A sinistra, lo spessore della linea è dato dal numero di pagine. A destra, dal numero di libri.

Sembra quasi una legge di potenza, in cui i primi, pochi editori si equivalgono in numero a quegli altri.

Adelphi e Einaudi da soli sono quasi la metà degli altri editori.

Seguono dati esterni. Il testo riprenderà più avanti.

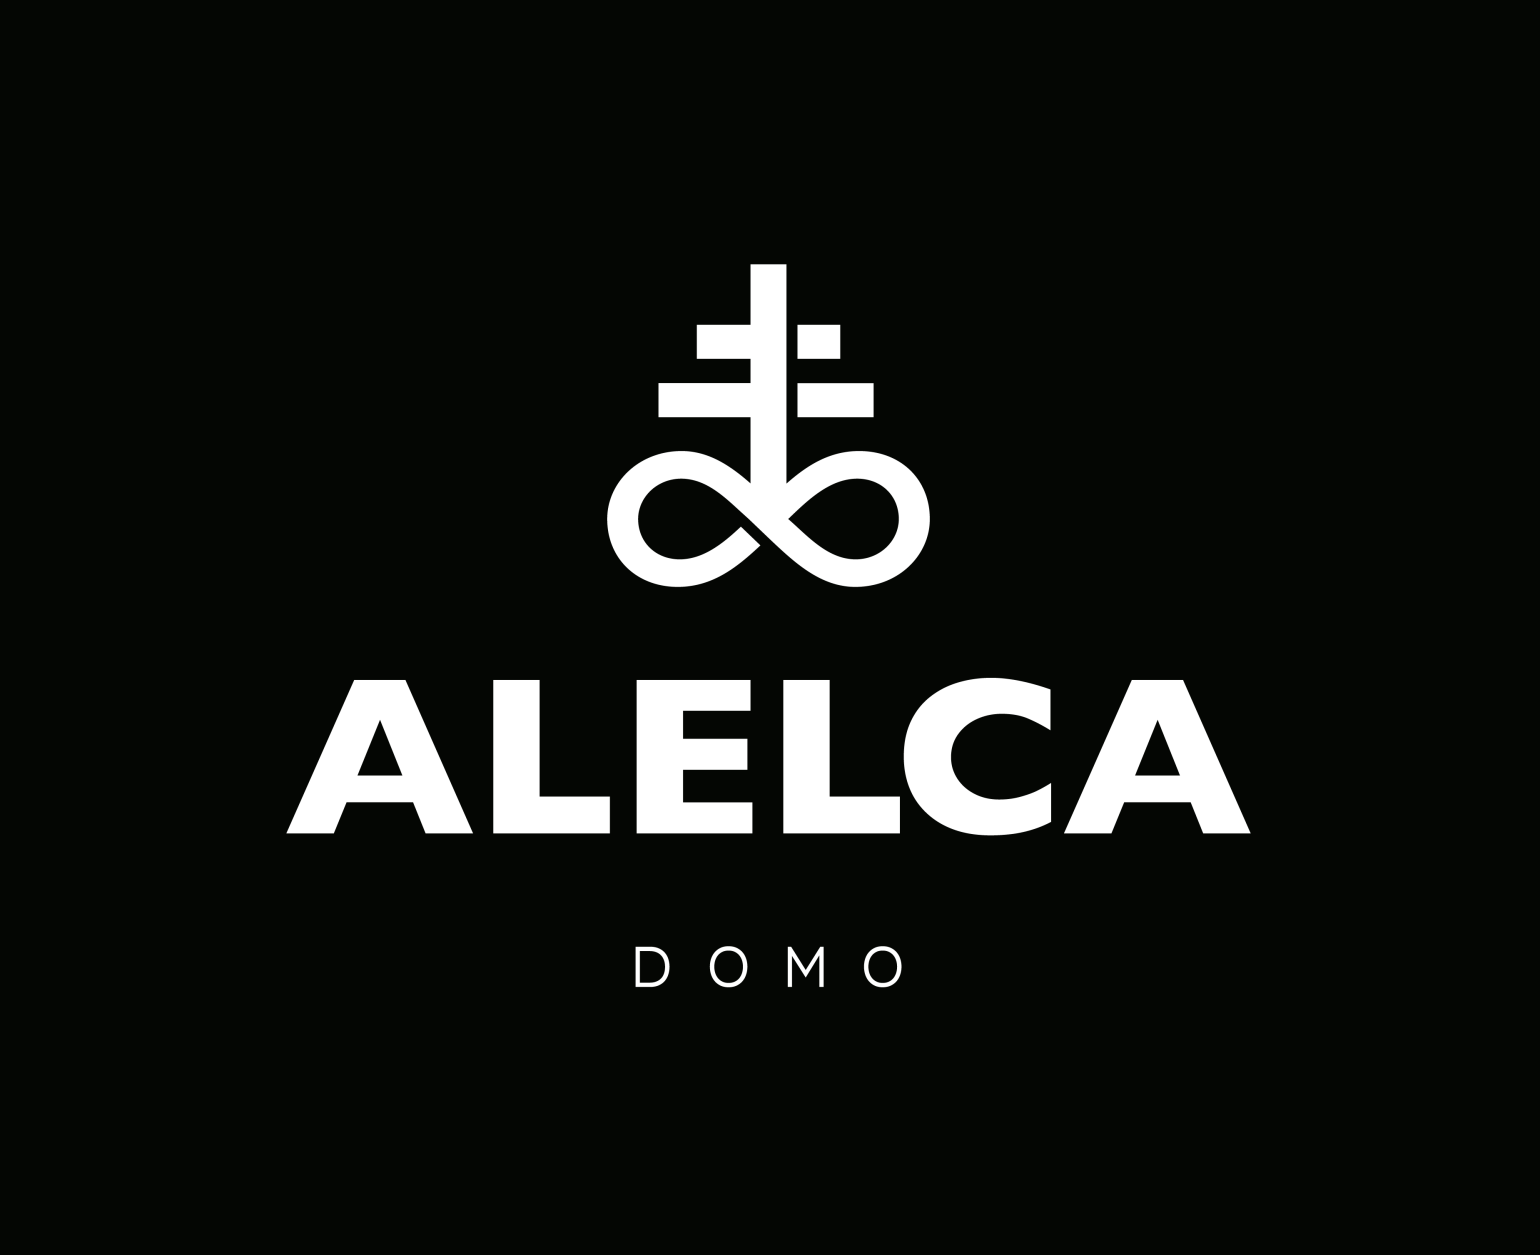 alelca-domo-logo-negativo-bg-black-01

Come l’anno scorso (tre), solo poche autrici (cinque): inizio a vedere che è una cosa sistemica. Non lo faccio consciamente, ma è evidente che cerco libri scritti prevalentemente da maschi. Ci sono sempre eccezioni, ma c’è anche la regola: non so bene cosa farci al momento.

Il verde è Autori vari.
Dimensioni per numero di pagine.

Anche le nazionalità, duole dirlo, sono sempre le stesse (Giappone e Belgio sono nuovi, per me):

Dimensione è sempre numero di pagine.

Qui si vede meglio:

Area per numero di libri.

Il rapporto fra fiction e non fiction mi pare sempre lo stesso, anche se negli ultimi anni la domanda inizia ad acquistare sempre meno senso: come catalogare Carrère, O’Hagan, Wallace, Vasta, White? Senza entrare in un discorso a questo punto fine a sè stesso, è ovvio che non sono saggi accademici, non sono opere di pura invenzione, ma sono disseminati in punti diversi dello spettro continuo fra questi due estremi. Forse ci starebbe una nuova categoria, ibrida.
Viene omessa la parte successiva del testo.